▸ Task requirements: Please restate every line below exactly, without any pictures.

Source data section start

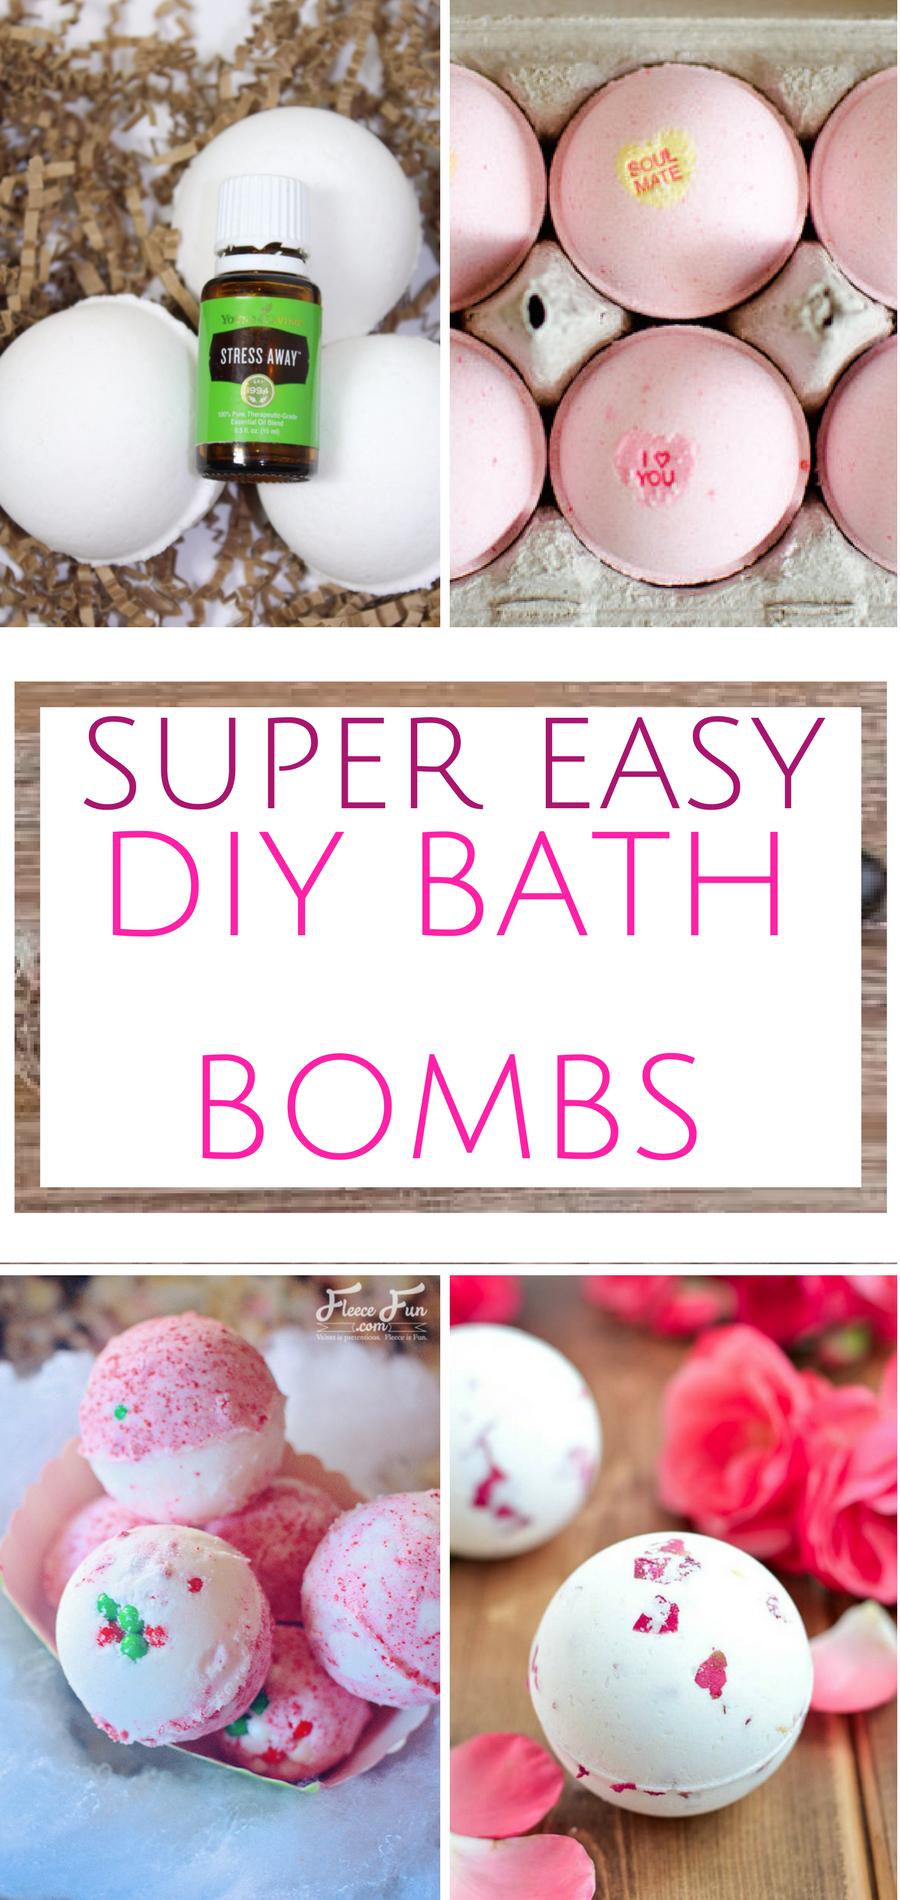 Super Easy Diy Dish Soap 3 Ingredients: Super Easy DIY Bath Bombs
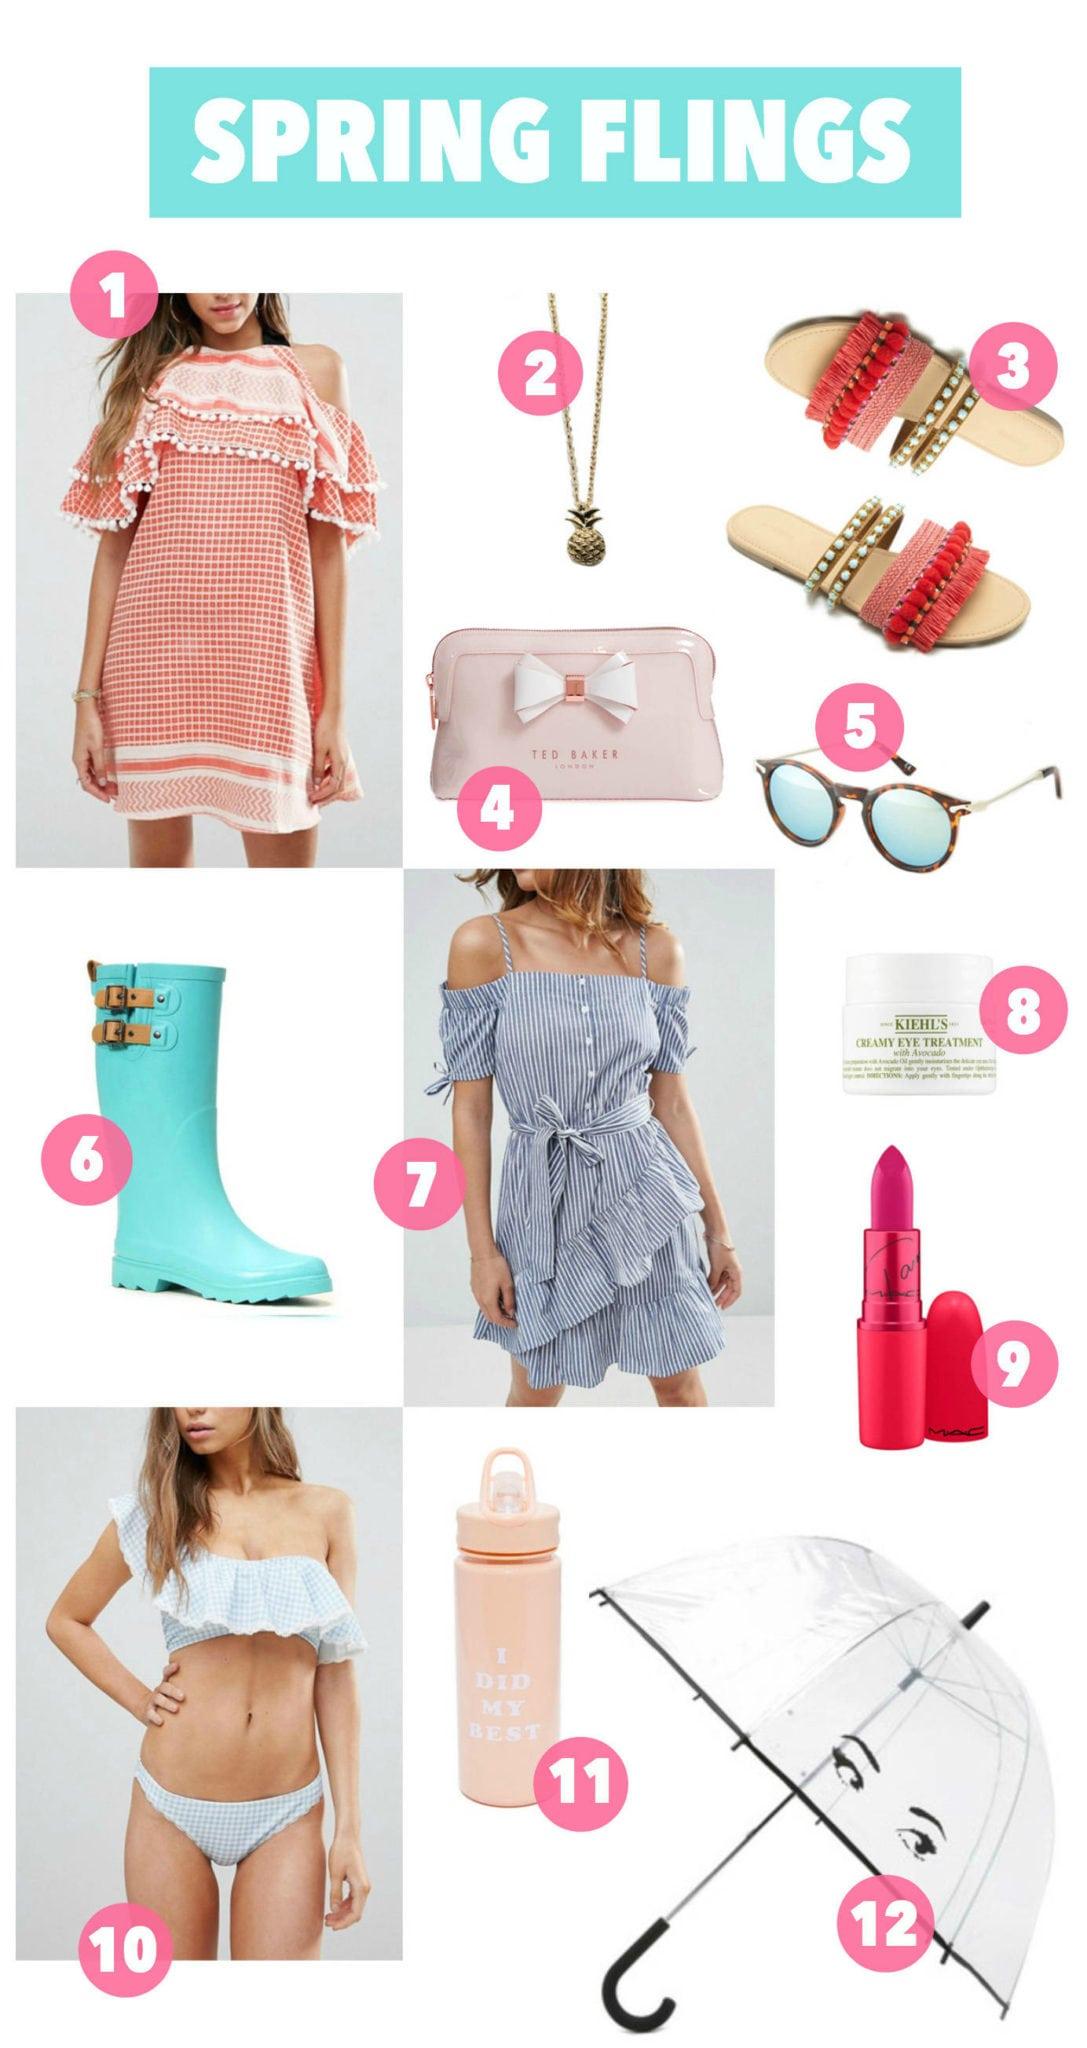 Spring flings on a budget   Mash Elle beauty blogger    boots   lipstick    umbrella   spring gifts
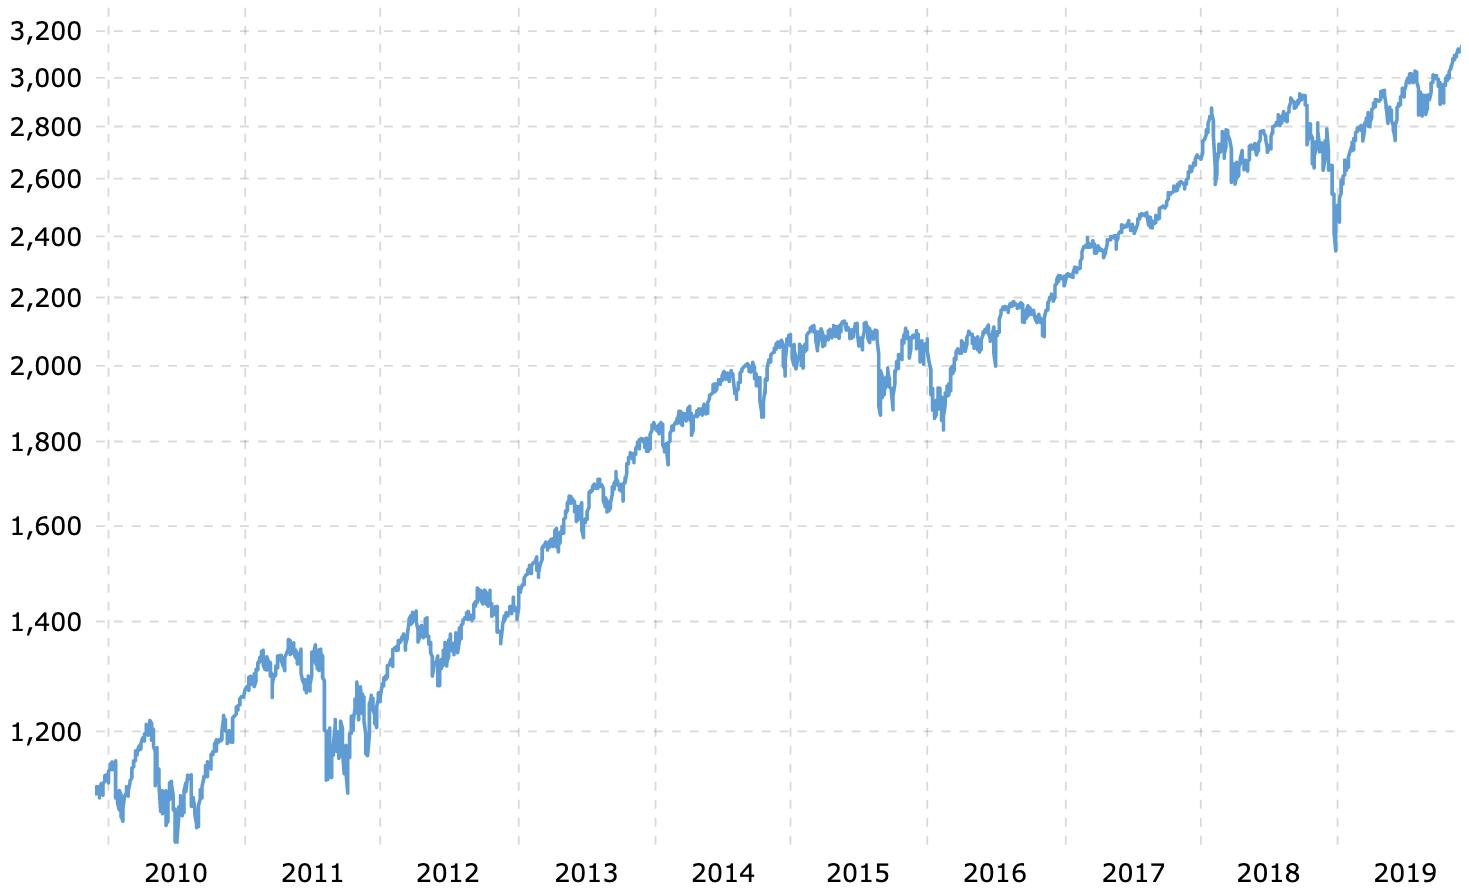 S&P 500 10-year bull market chart from 2009 - 2019

Source data section end

▸ Exercise answer:
 Super Easy Diy Dish Soap 3 Ingredients: Super Easy DIY Bath Bombs
 Spring flings on a budget   Mash Elle beauty blogger    boots   lipstick    umbrella   spring gifts
 S&P 500 10-year bull market chart from 2009 - 2019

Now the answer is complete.